# "Buddy List?"



## Drew (Dec 30, 2004)

Just screwing around with the control panel options here, and I find myself wondering, what exactly is the forum buddy list? What does it do? do any of you guys use it? 

(boredom strikes again)

-D


----------



## darren (Dec 30, 2004)

I thought it might give you a shortcut list for sending private messages, but that doesn't seem to be the case. I have no idea what the buddy list is for. The "ignore" list, however, could be a handy feature.


----------



## Drew (Dec 30, 2004)

I was thinking that too- is it just a private message blocker, or does it completely skip someone's posts on the forum? 

If Joey Dahalia ever shows up here (doubtful, as I don't believe he owns a 7), it'll be a godsend.


----------



## Chris (Dec 30, 2004)

All I can tell is that it sticks a little plus sign next to the person's name in the online list.

As for ignore - yeah, it'll skip their posts entirely.  There's a cool control panel feature called "Tachy goes to Coventry" that lets you globally add users to ignore.

Will be kickass if Ed Roman ever signs up.


----------



## macalpine88 (Dec 30, 2004)

Chris said:


> Will be kickass if Ed Roman ever signs up.



 i would get more joy torchering him and telling him how much of a jerk he is


----------



## Dylan7620 (Dec 30, 2004)

but wait now.. all our guitars suck ballz compard to a roman guitar ... right?  i mean, thats what he told me. if i dont give him 3000 dollars to replace every piece on my ibanez it'll sound like crap!!!!!


----------



## Vince (Dec 30, 2004)

man, I've heard so many horror stories about Ed Roman guitars, but when I went there I had a great time. Maybe I caught them on a good day, because they let me look around freely, and I almost bought an Ibanez I was playing there for about 10 minutes or so. No one told me I couldn't play and no one yelled at me. They just let me pick any guitars I wanted (They even let me strap on those god-awful steel axe-like 20 pound monstrosities) and I had no problems there.


----------



## Digital Black (Dec 30, 2004)

I called Ed way back in my search for a Ibanez RBM Voyager. He had one but gave me a price of 2000 bucks!! That's more than when they were new and this wasn't the Koa model either! Needless to say I eventually owned two RBM's for less than half of that..


----------



## Chris (Dec 30, 2004)

I don't think it's Ed's shop that's the problem, it's Ed himself. The guy's a cocknozzle.


----------



## Vince (Dec 31, 2004)

Sephiroth000 said:


> I called Ed way back in my search for a Ibanez RBM Voyager.

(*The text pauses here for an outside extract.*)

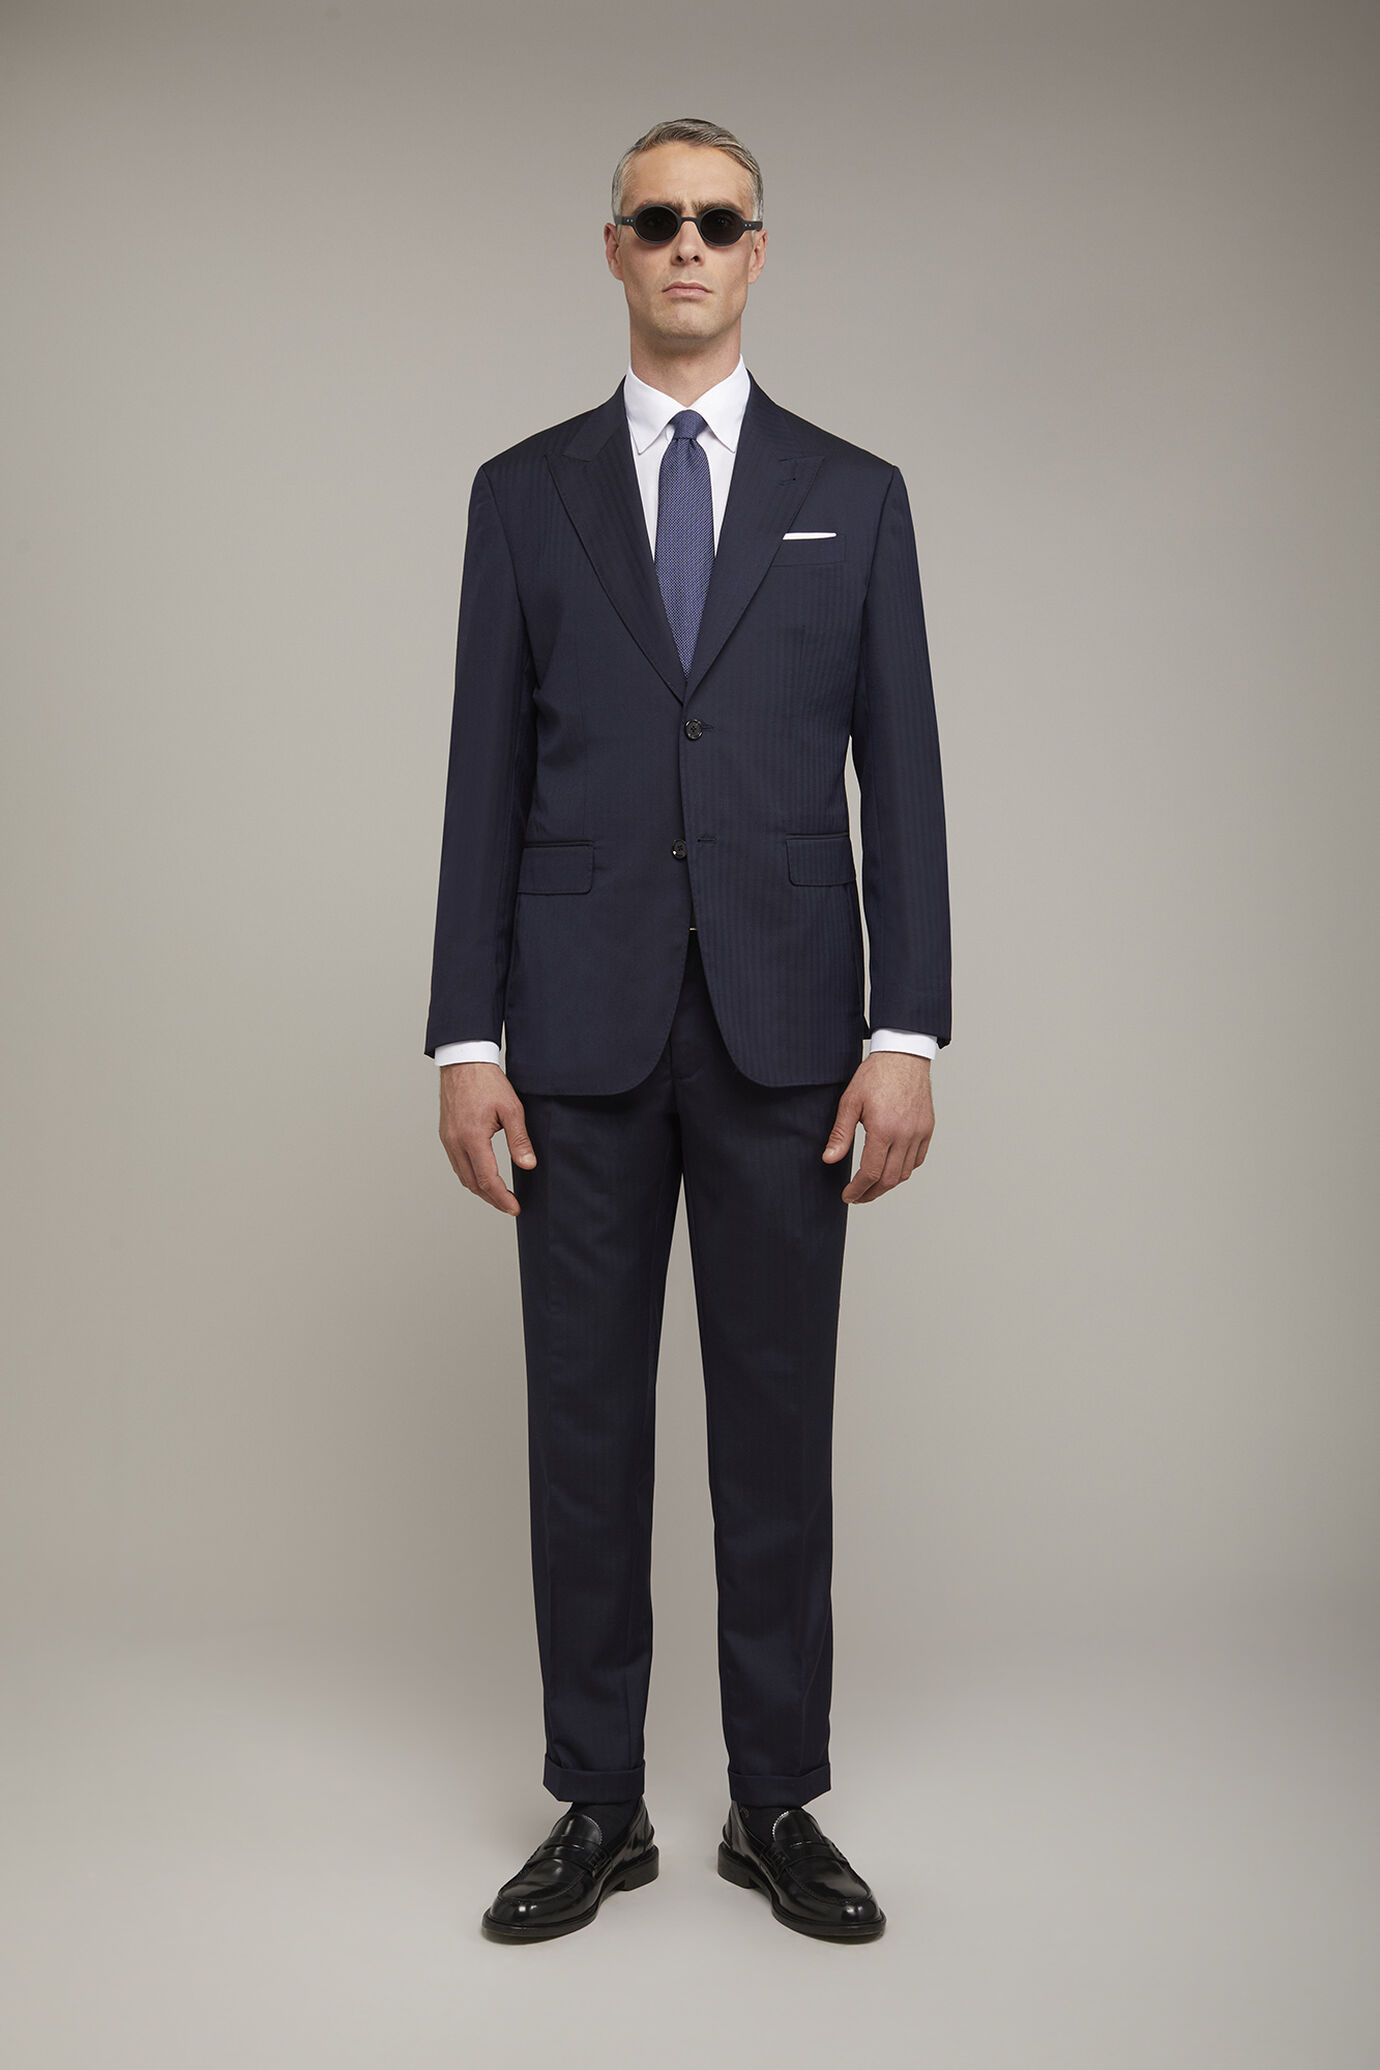 Men's single-breasted Wool Blend suit with herringbone pattern regular fit

He had one but gave me a price of 2000 bucks!! That's more than when they were new and this wasn't the Koa model either! Needless to say I eventually owned two RBM's for less than half of that..

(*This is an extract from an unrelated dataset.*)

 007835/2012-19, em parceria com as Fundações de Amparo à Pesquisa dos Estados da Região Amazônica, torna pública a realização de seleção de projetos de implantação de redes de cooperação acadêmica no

I loved the design on that guitar. Winger sucked, but Reb Beach can really play. He had a track on "Guitars that Rule the World" that just ripped.


----------



## Jerich (Mar 15, 2005)

cocknozzle....Right-on....hahha!!!! I had a run in with a guy who worked and was afflillated with him named Tommy Hex from Hex Guitars...Ed Roman is a Gland!! gargeler!!!....he drinks from the straw of my Bag!!!!
www.brokenhope.proboards.22.com/index.cgi?


----------



## Revolution777 (Jun 16, 2005)

LOL!!!
Ed Roman really is messed up.
I swear he hates any guitar HE doesn't make.
cocknozzle is right.


----------



## Leon (Jun 16, 2005)

cocknozzle, drinks from the straw of my bag... you guys sure are colorful


----------